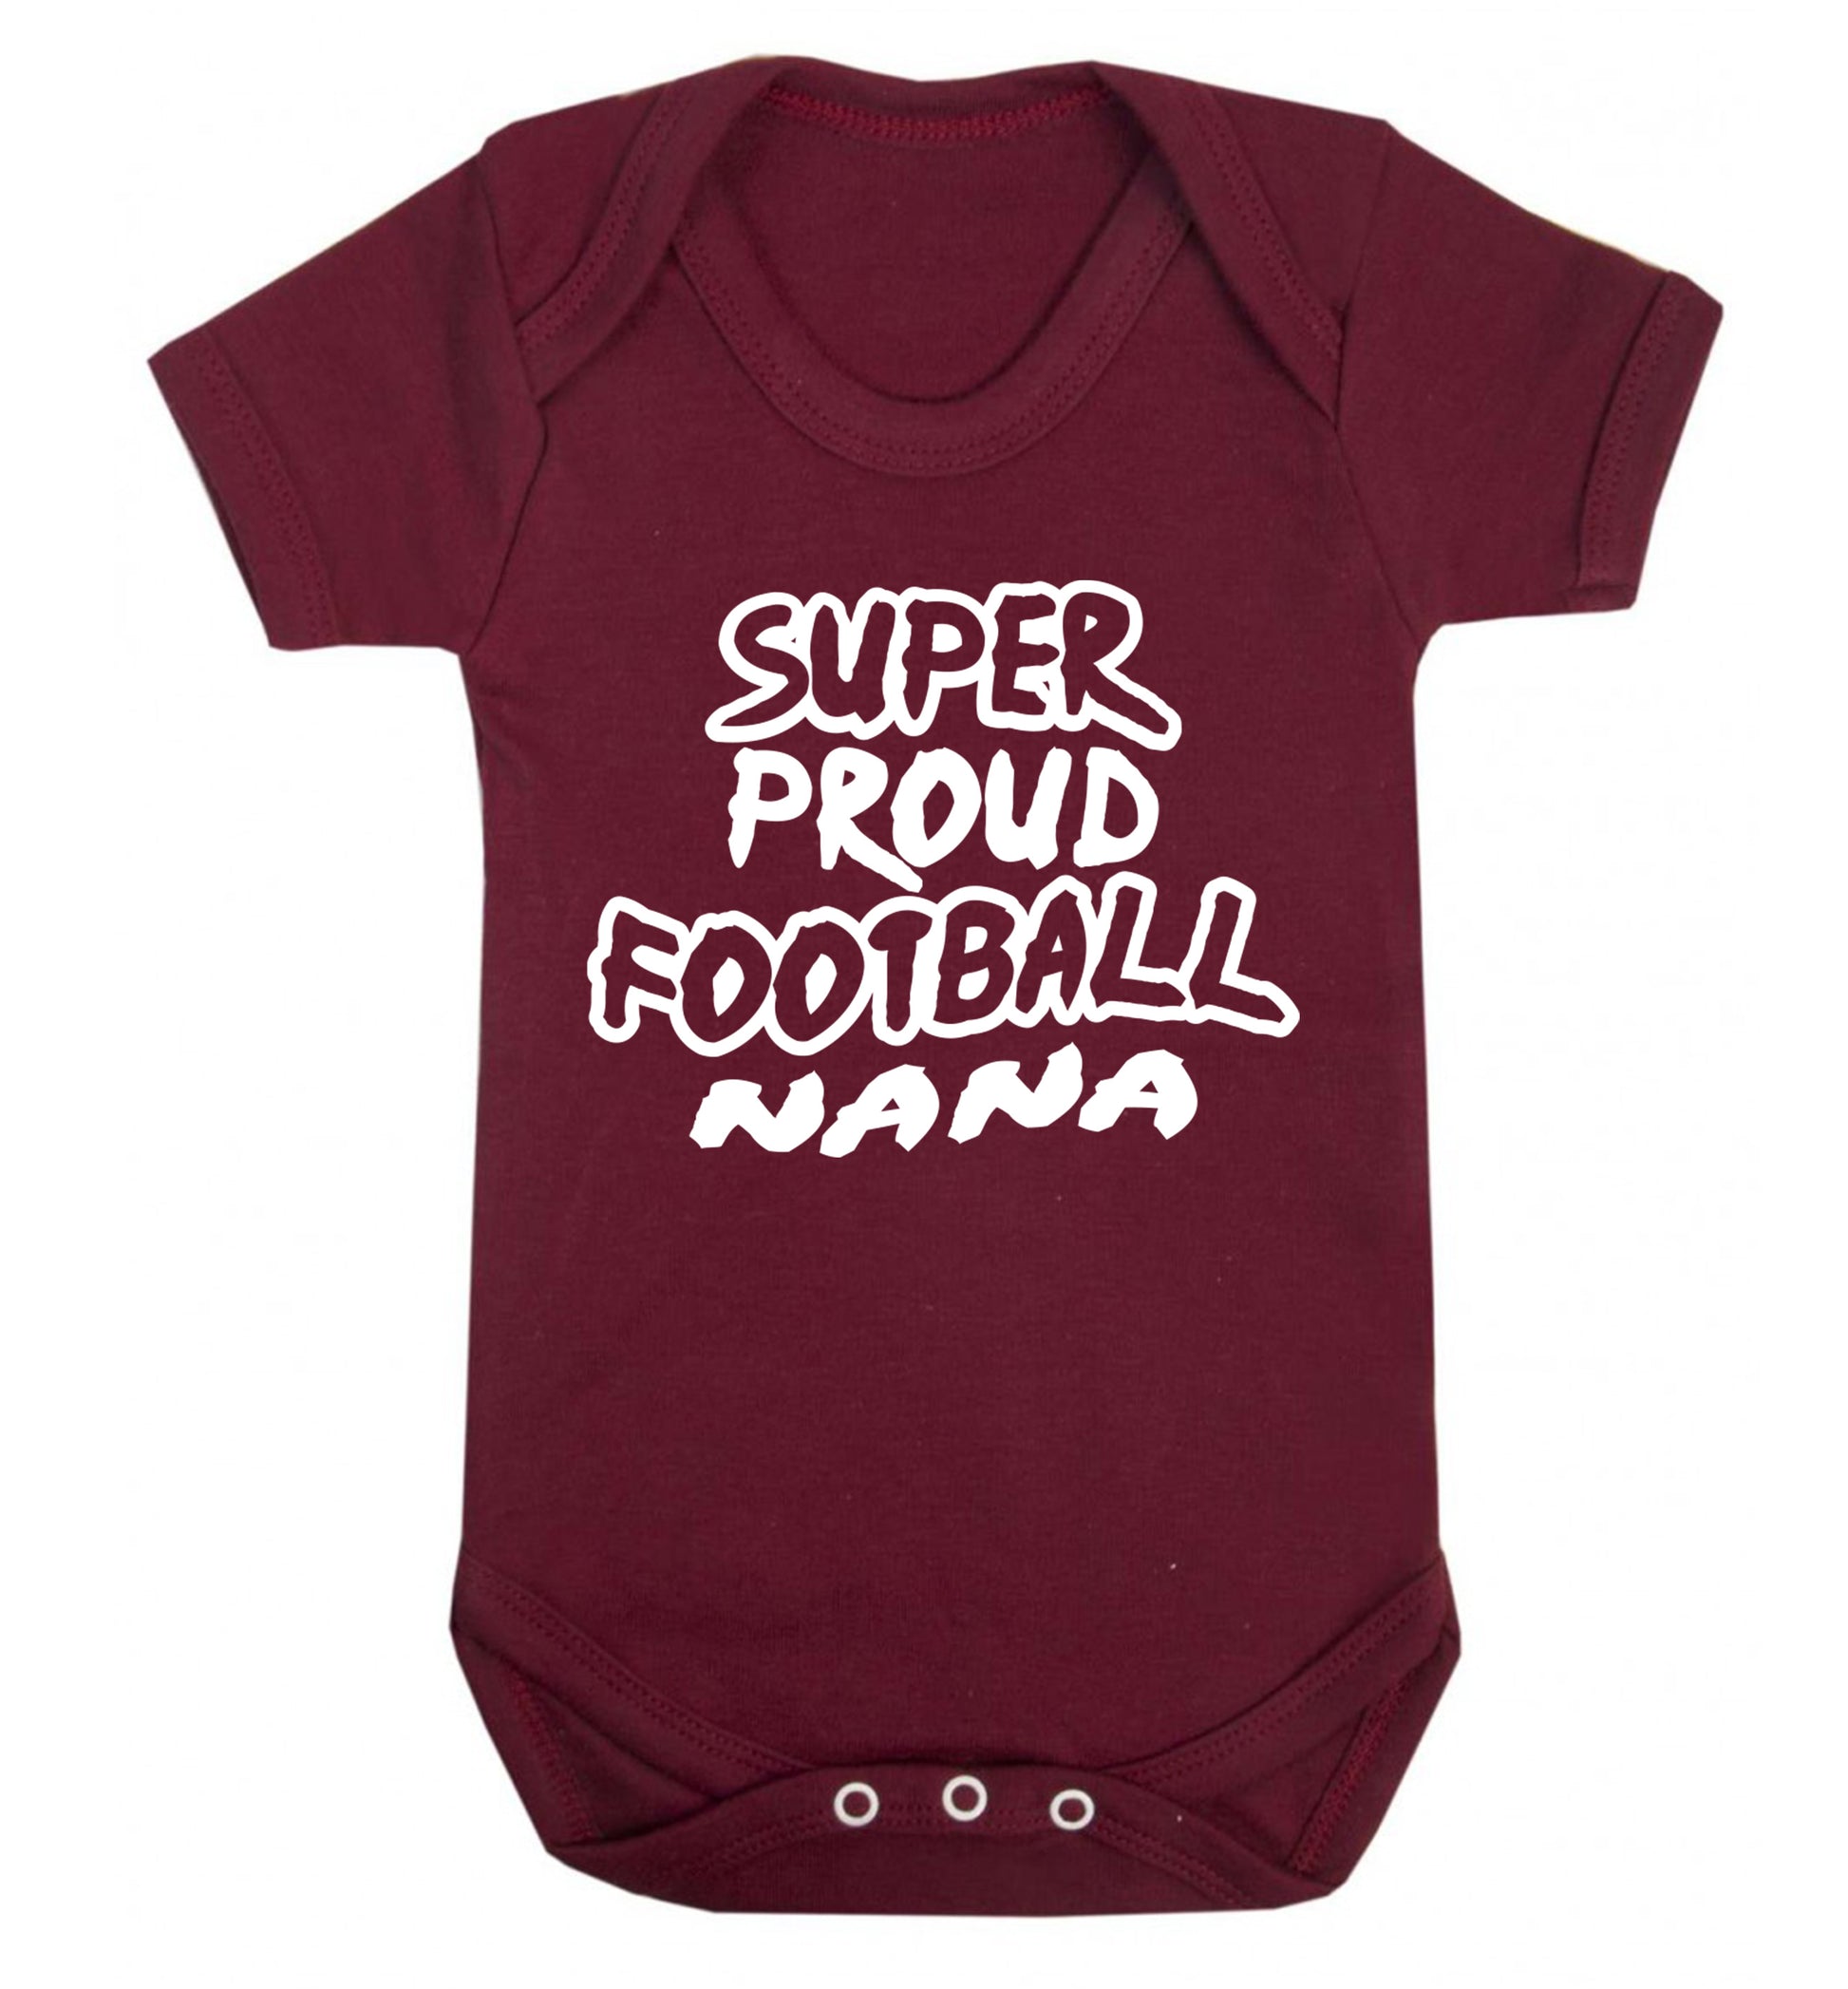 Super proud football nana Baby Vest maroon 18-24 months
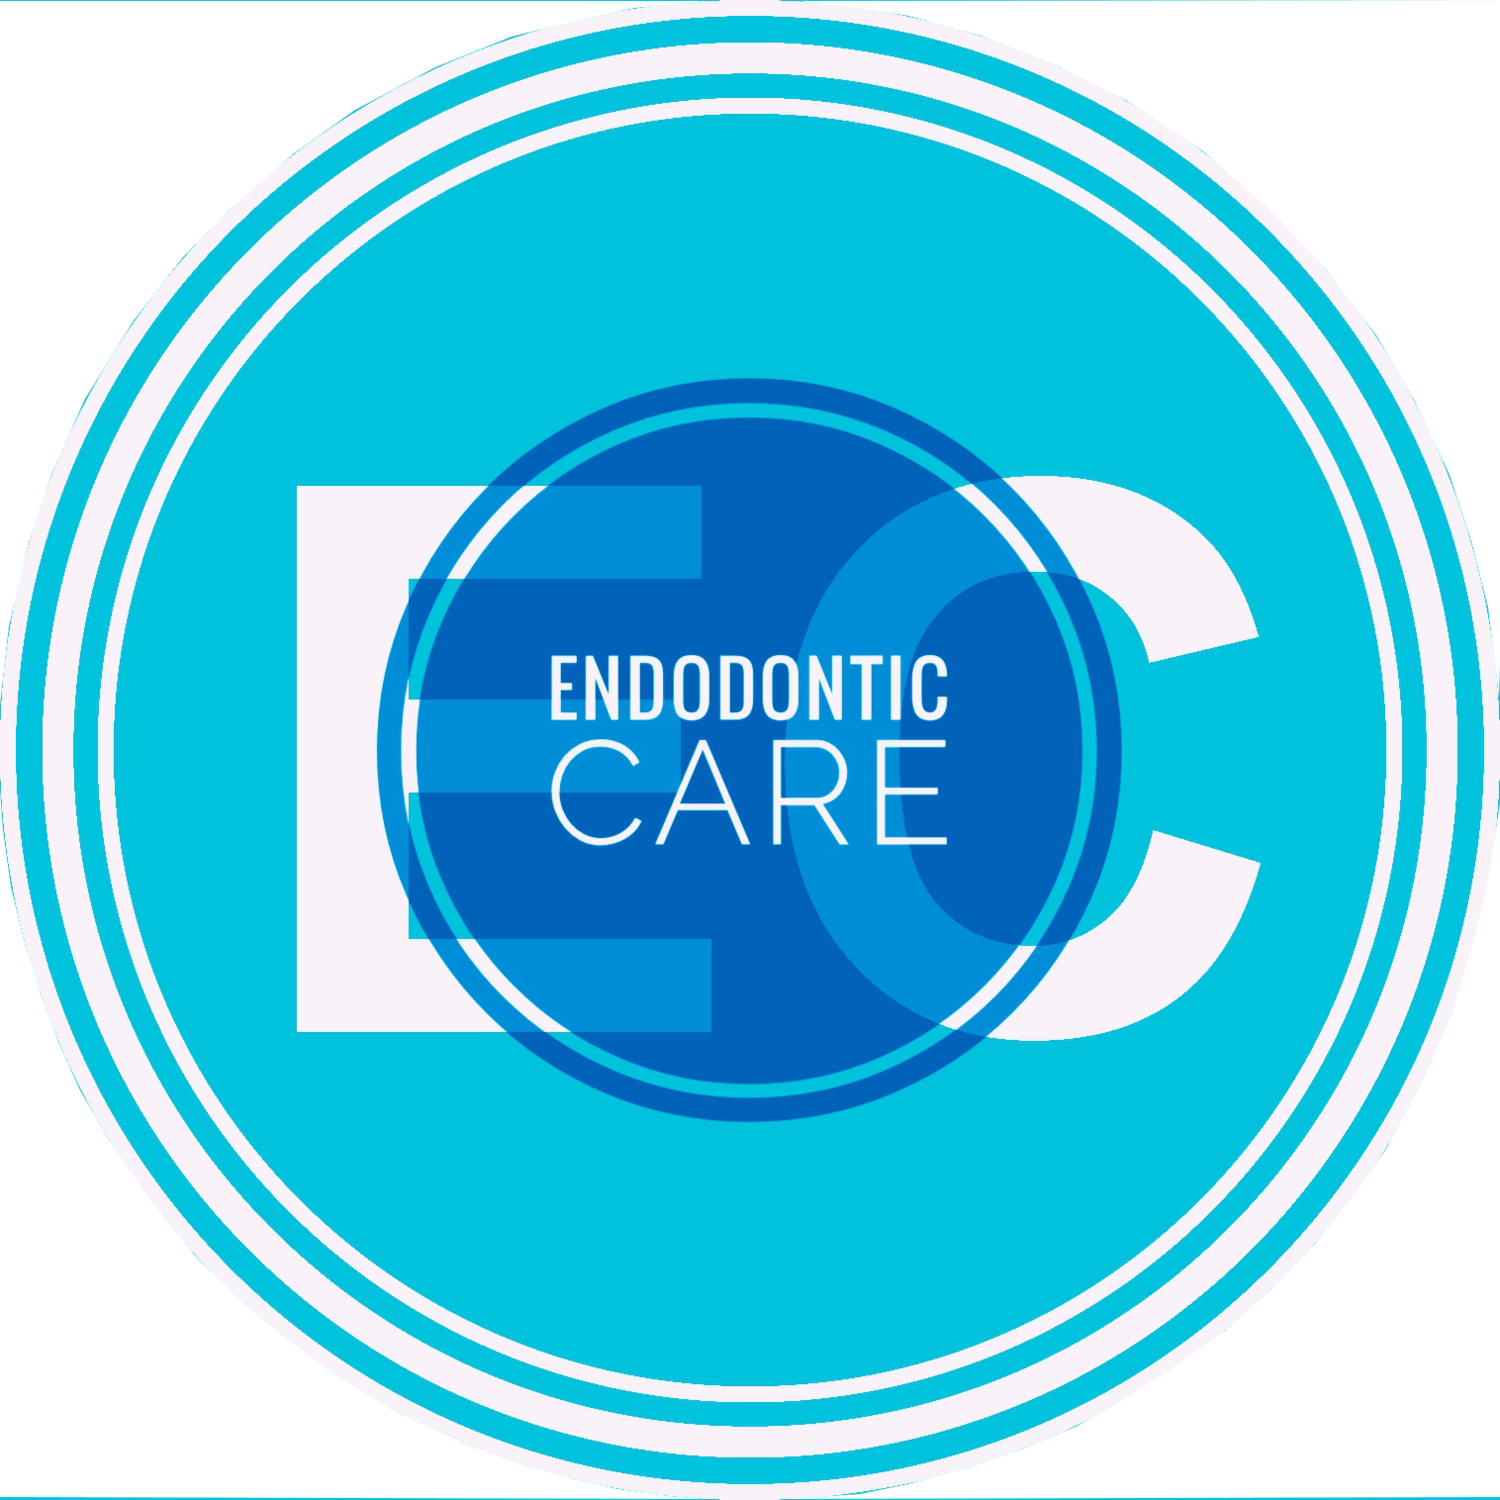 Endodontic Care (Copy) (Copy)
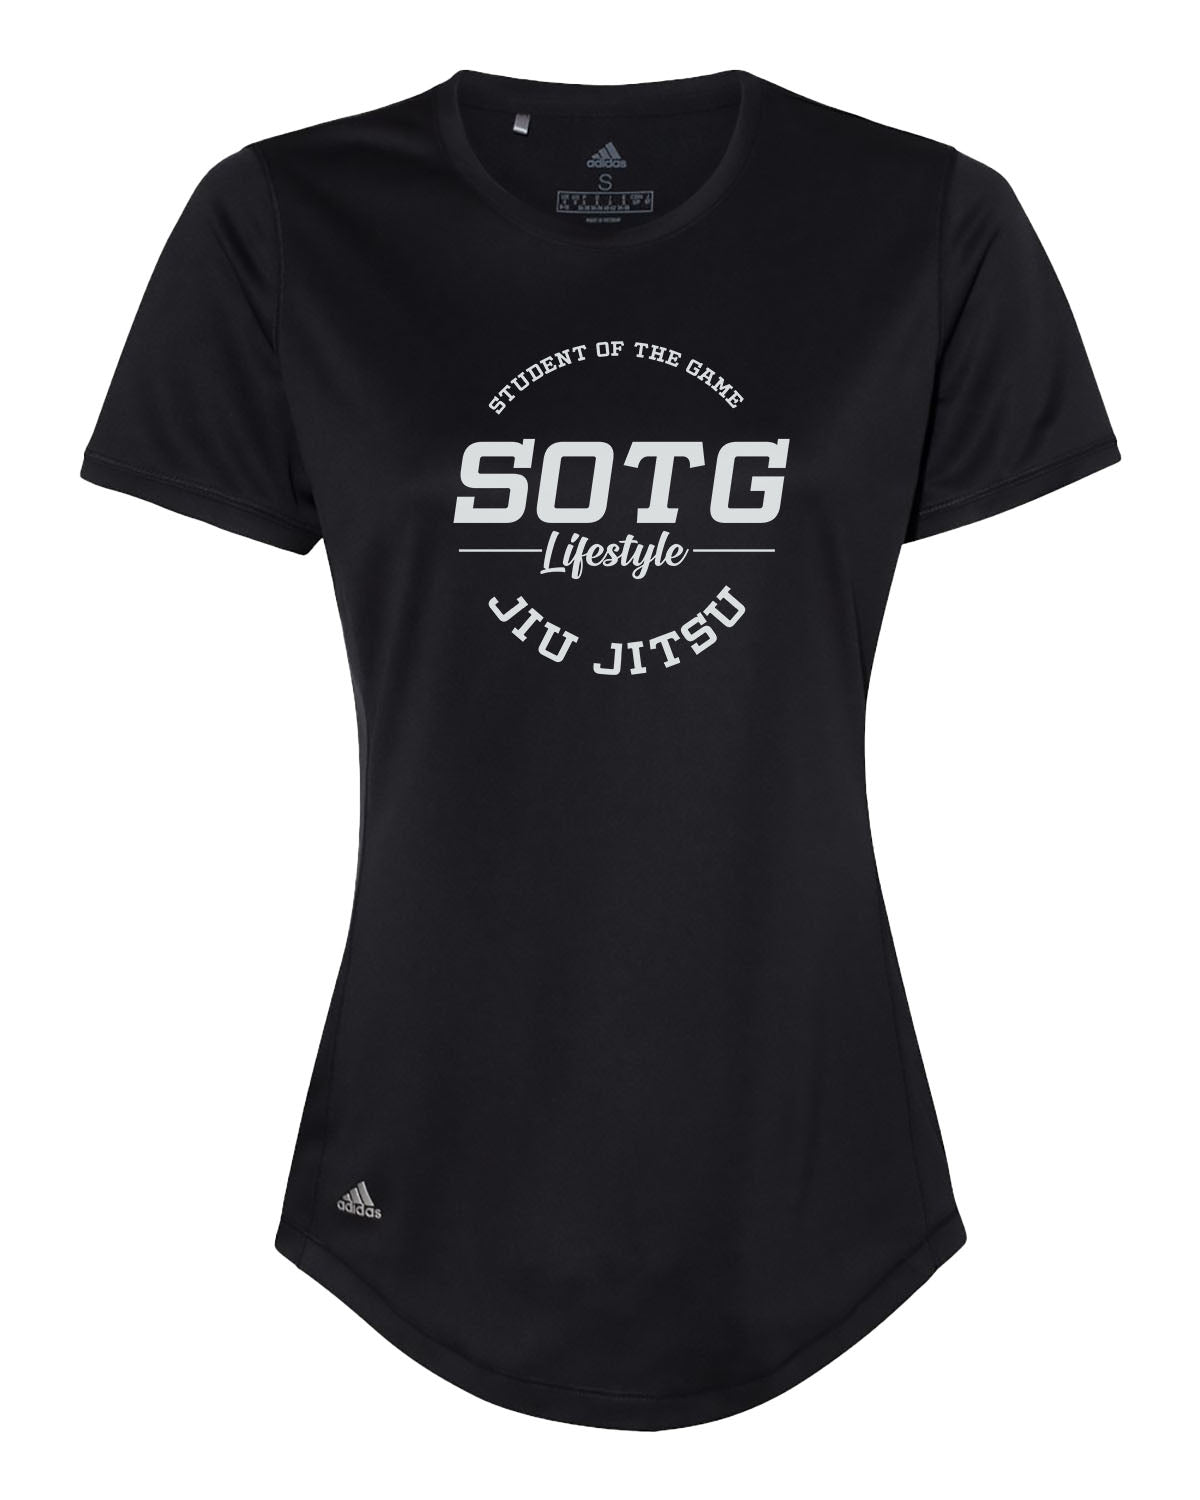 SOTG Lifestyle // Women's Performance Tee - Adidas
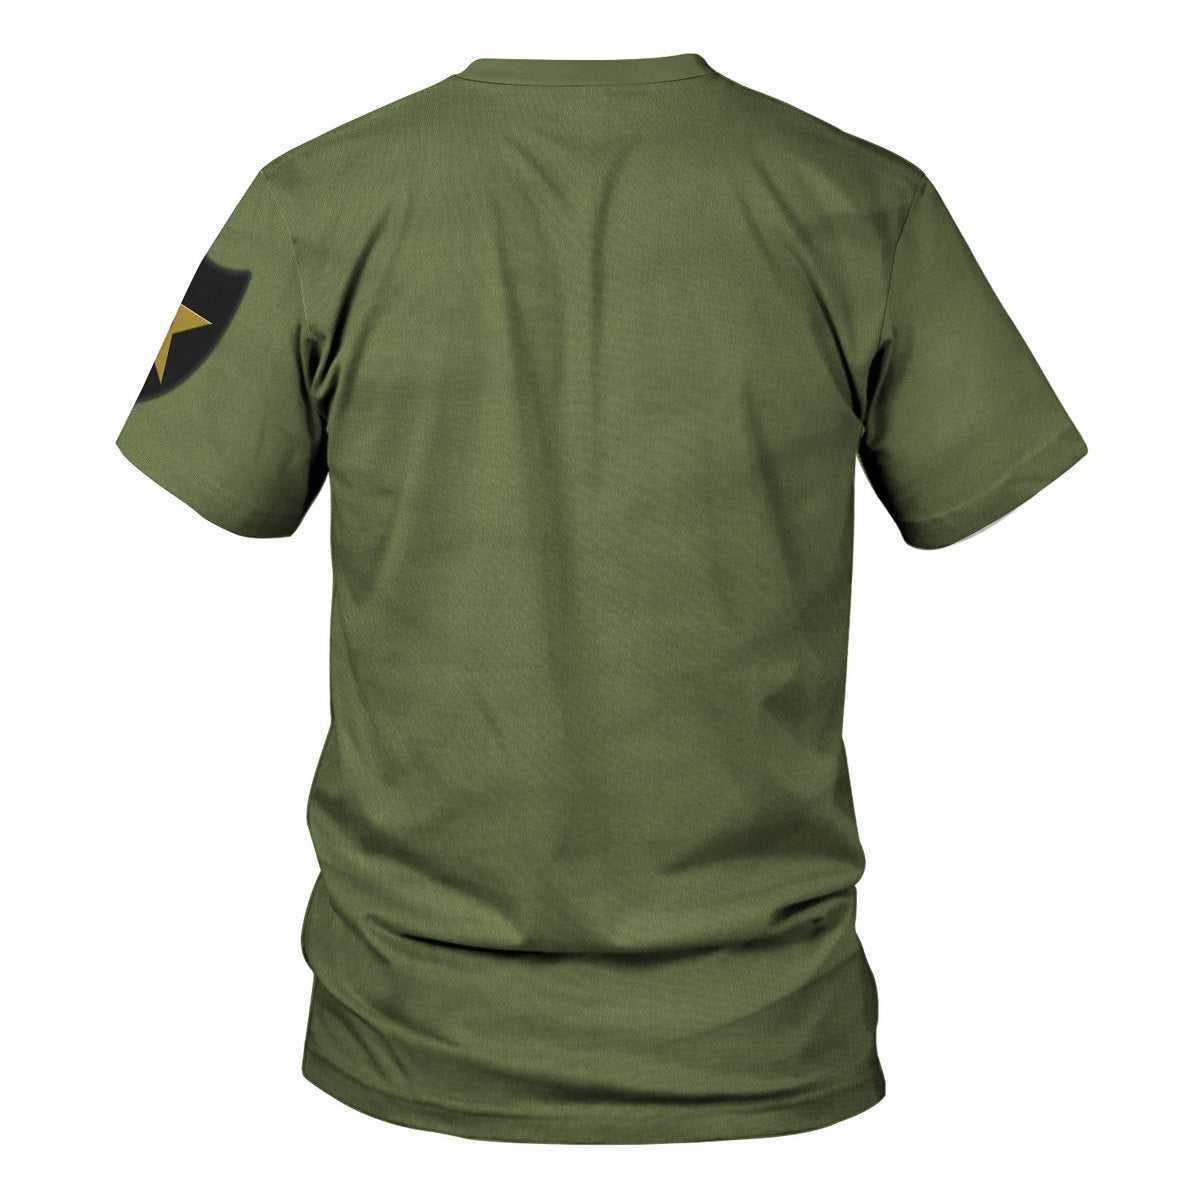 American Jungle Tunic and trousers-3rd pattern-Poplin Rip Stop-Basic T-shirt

——————

Work request:
Everything above except the pictures must be restated exactly.

Answer box:
 Super proud football nana Baby Vest maroon 18-24 months
 Endodontic Care (Copy) (Copy)
 SOTG Lifestyle // Women's Performance Tee - Adidas
 American Jungle Tunic and trousers-3rd pattern-Poplin Rip Stop-Basic T-shirt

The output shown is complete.